オンリーワンの士業事務所になる方法

士業

オンリーワンとは何か

「ナンバーワン」と「オンリーワン」はどちらも事務所として目指すべき考え方ですが、まずは、オンリーワンを目指すことをお勧めします。


ナンバーワンというのは、ハンバーガー業界におけるマクドナルドのような存在を目指すことです。
そうなるためには、経営規模や資金力の大きさなども重要になってきます。

 

オンリーワンは、他にはない、そこでしか絶対に食べることのできないハンバーガーを提供するお店を目指すことです。
オンリーワンを目指しているのに、マクドナルドとまったく同じ戦略・戦術をとるハンバーガー屋さんはないですよね?
オンリーワンは、独自の戦略・戦術などが色濃く反映されたものです。

 

ところで、ここまでは差別化とオンリーワン化をあまり区別せずに、他の事務所にはない要素のことを大まかに「差別化」と述べてきました。
そのほうがわかりやすいと考えたためですが、本当は似て非なるものです。
少なくとも、僕は区別をつけて考えています。

 

差別化というのは、あなたの事務所の「内部」で決めるべき戦略・戦術や意思決定の方法です。


一方、オンリーワンというのは、「外」からあなたの事務所を見た時に、いかに他とは違う独自の存在に映るかで決まります。

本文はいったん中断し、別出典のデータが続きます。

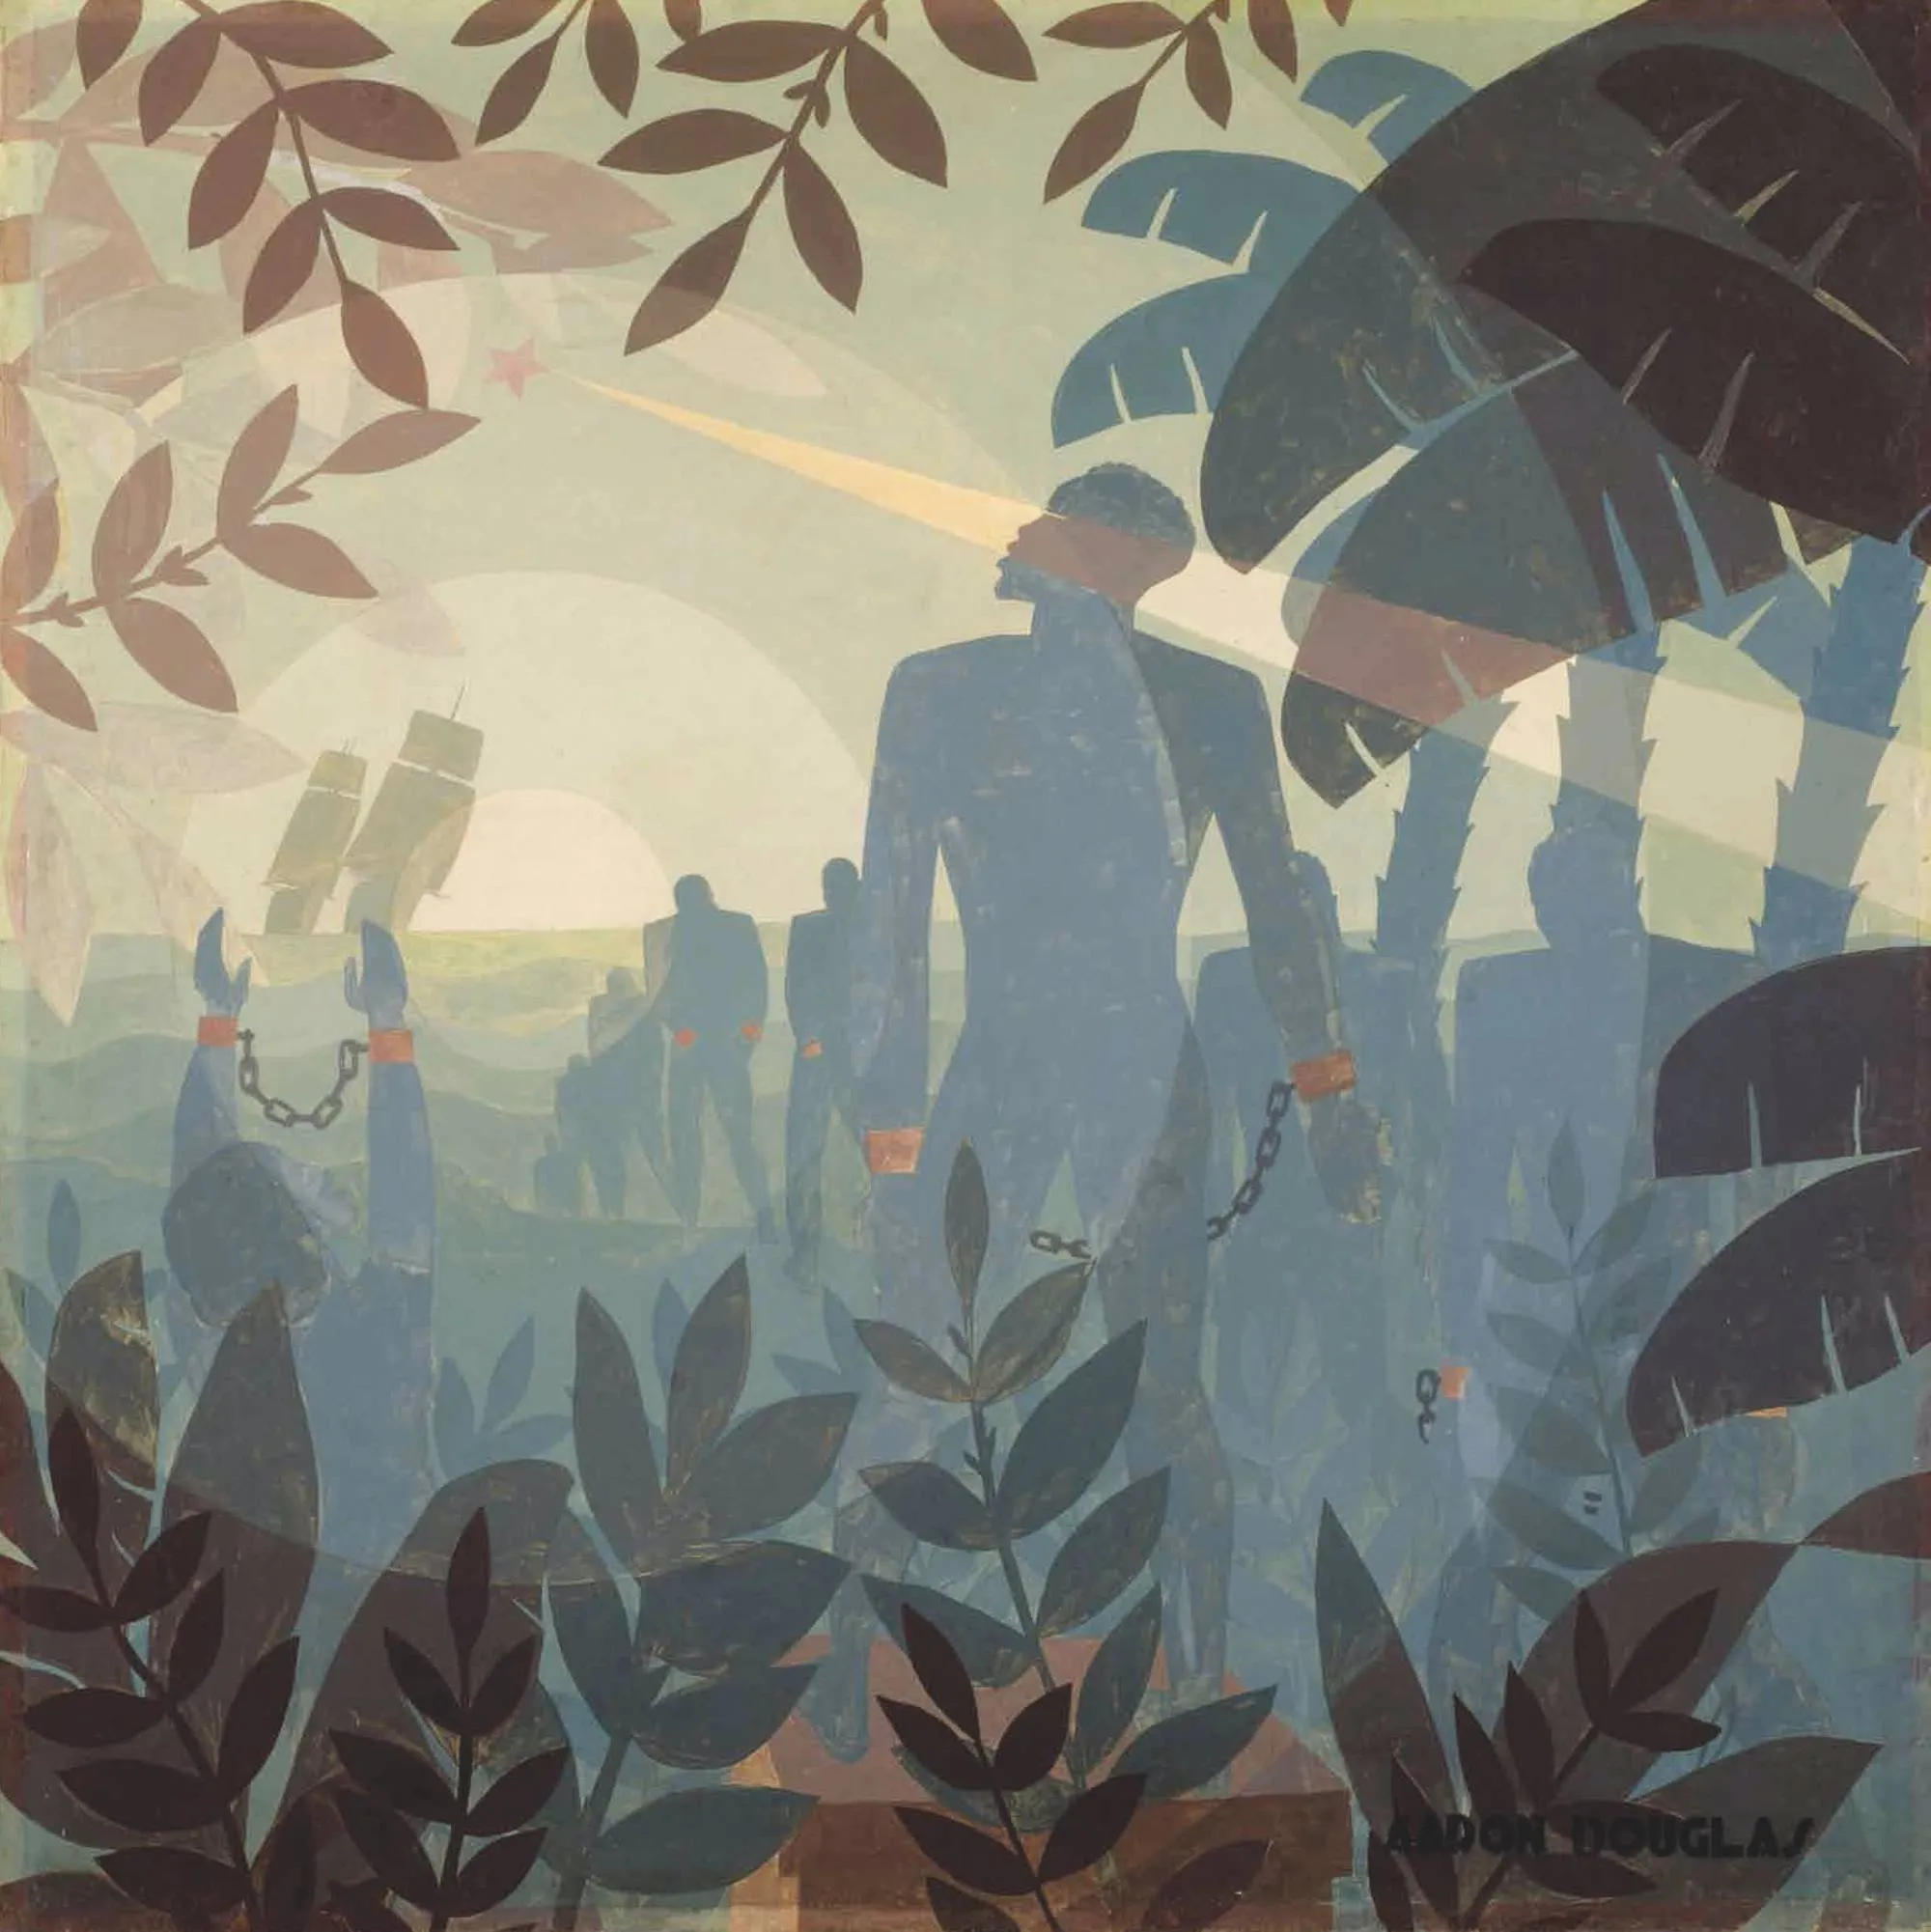 Aaron Douglas, Into bondage, 1936, huile sur toile, 153 × 154 cm, National Gallery of Art, Washington, États-Unis.
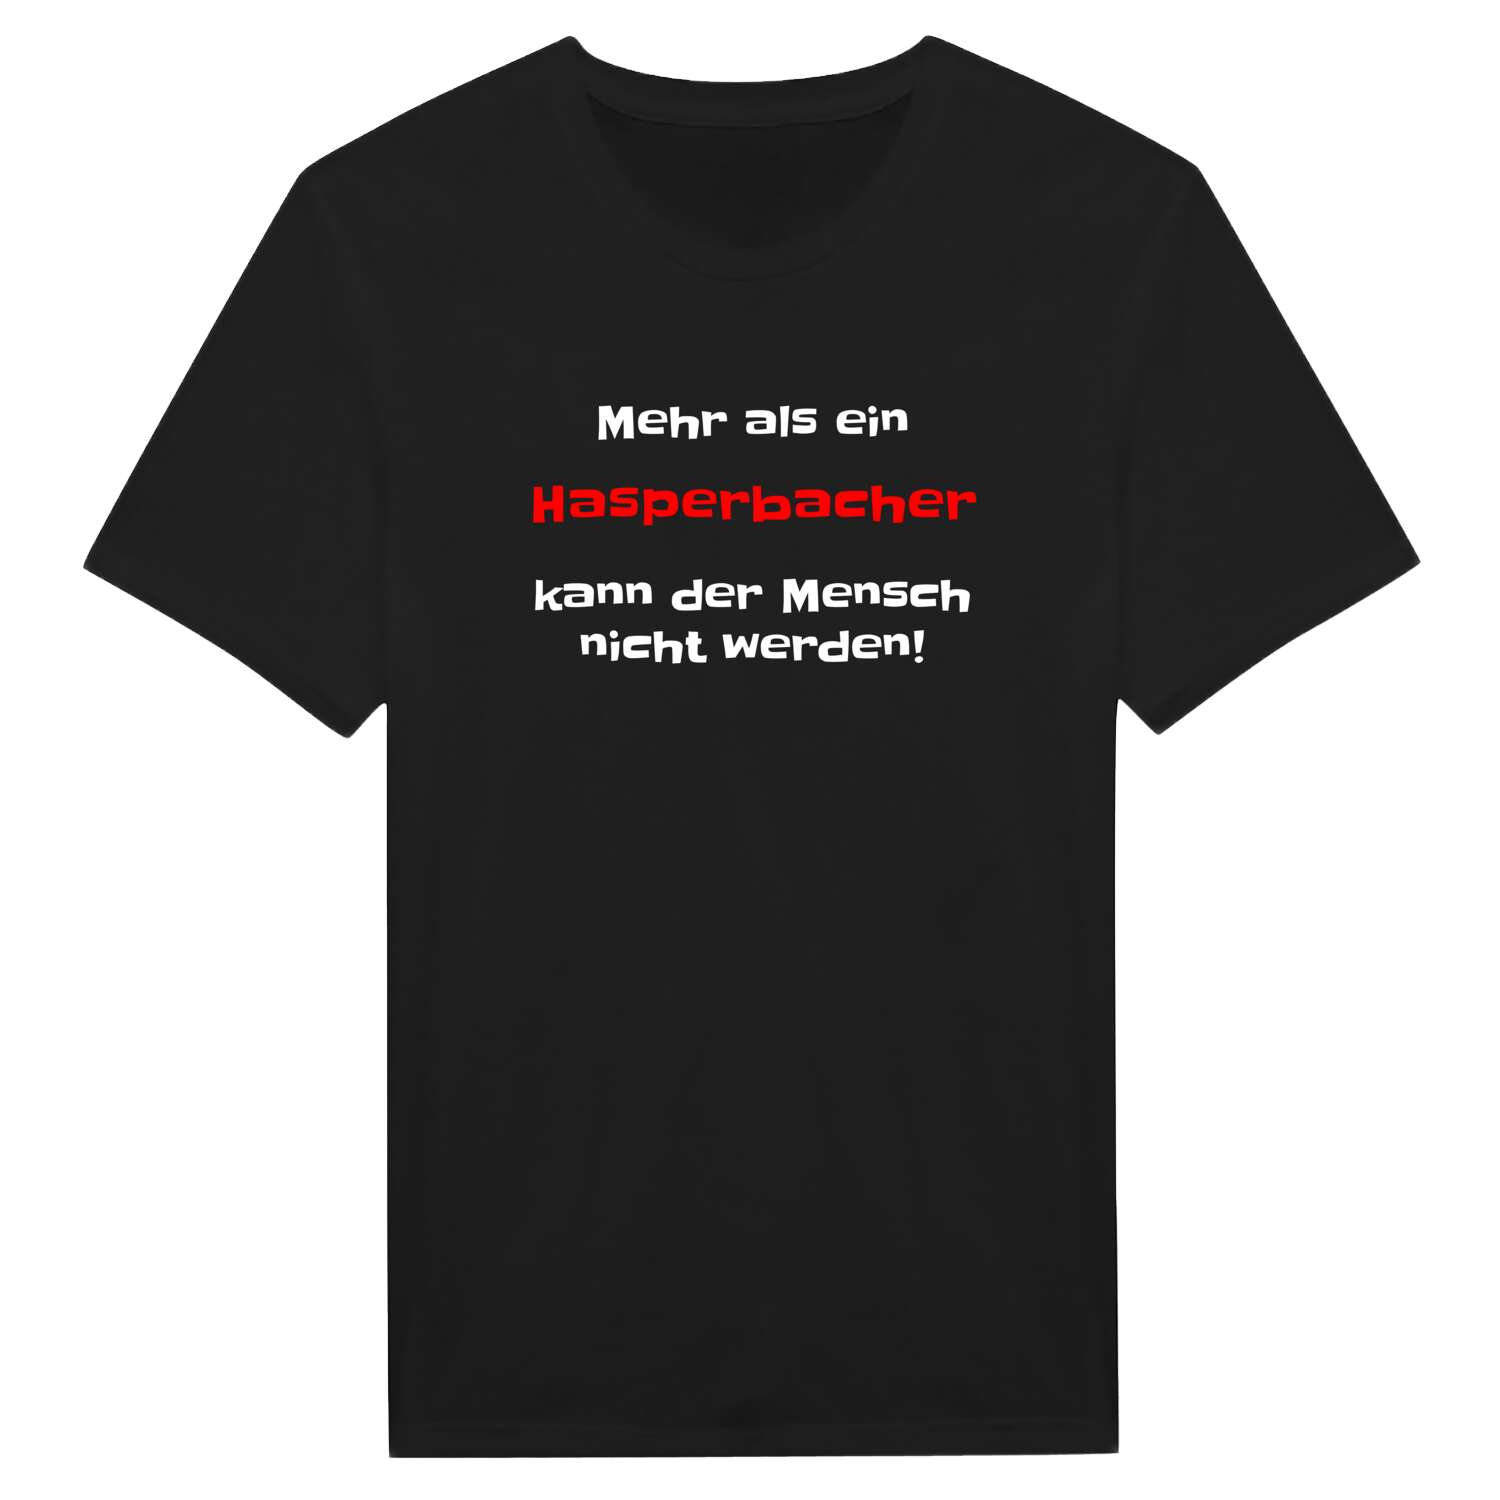 Hasperbach T-Shirt »Mehr als ein«

差別化は主観の問題であり、オンリーワンは客観の問題と言い換えることもできます。
あなたは、自分では差別化ができていると思っていても(主観)、お客様が見たときに差別化していることが伝わらない(客観)と意味がありませんよね。


そのため、オンリーワンになるためには、差別化しているんだと見てもらうための方法や、差別化したことで生まれる価値をお客様に納得していただくための事実が必要となります。

オンリーワン化ができると…

オンリーワンの存在として、お客様から見ていただけるようになることで、あなたの事務所はどのような恩恵を受けられるでしょうか?


まず、オンリーワンなので当たり前ですが、お客様は他の事務所では同じサービスは受けることができませんよね?
そのため、他の事務所が競合しません。
競合がいないので、価格も無理に割引する必要がありません。


あなたの事務所のオンリーワンのサービスがお客様の求める価値に見合ったもので、その価格も妥当だとお客様が判断してくだされば、その他のサービスとの比較をすることなしに、お客様はあなたに業務を依頼してくれるようになります。


他の事務所との競争から抜け出すために、オンリーワン事務所を目指しましょう。

士業がオンリーワンになるために必要なこと

オンリーワンになるためには、

①事務所の戦略的な差別化


②差別化していることを、お客様へうまく伝えること


③差別化によって生まれる価値を納得していただくための客観的な事実

の3つが揃うことが必要です。

事務所の戦略的な差別化

これについては、前の節までで十分な説明をしてきました。
大まかにおさらいをすると、専門業務に特化すること、取扱数日本一といった実績、縦の動き、他事務所にない専門業務を活かせるサービスを持つこと、専門業務に対するあなたの想いやあなた自身の個性が、差別化の要素でした。
このすべてが、それなりにできていれば、すでに他の事務所とはだいぶん差別化ができていると言えます。

差別化していることを、お客様へうまく伝えること

①のような差別化要素は、そのままではあなた(の事務所)の中でしかわかっていないことです。
その独自性をお客様にうまく伝えることが必要です。


そして、お客様に伝える際には、論理の流れというものがあります。
ここでは、ホームページで差別化要素を伝える際のポイントをご紹介します。

 

どのような夢があるのか(どのような世界を実現したいのか)が、まず最初に伝えるべきものだと思います。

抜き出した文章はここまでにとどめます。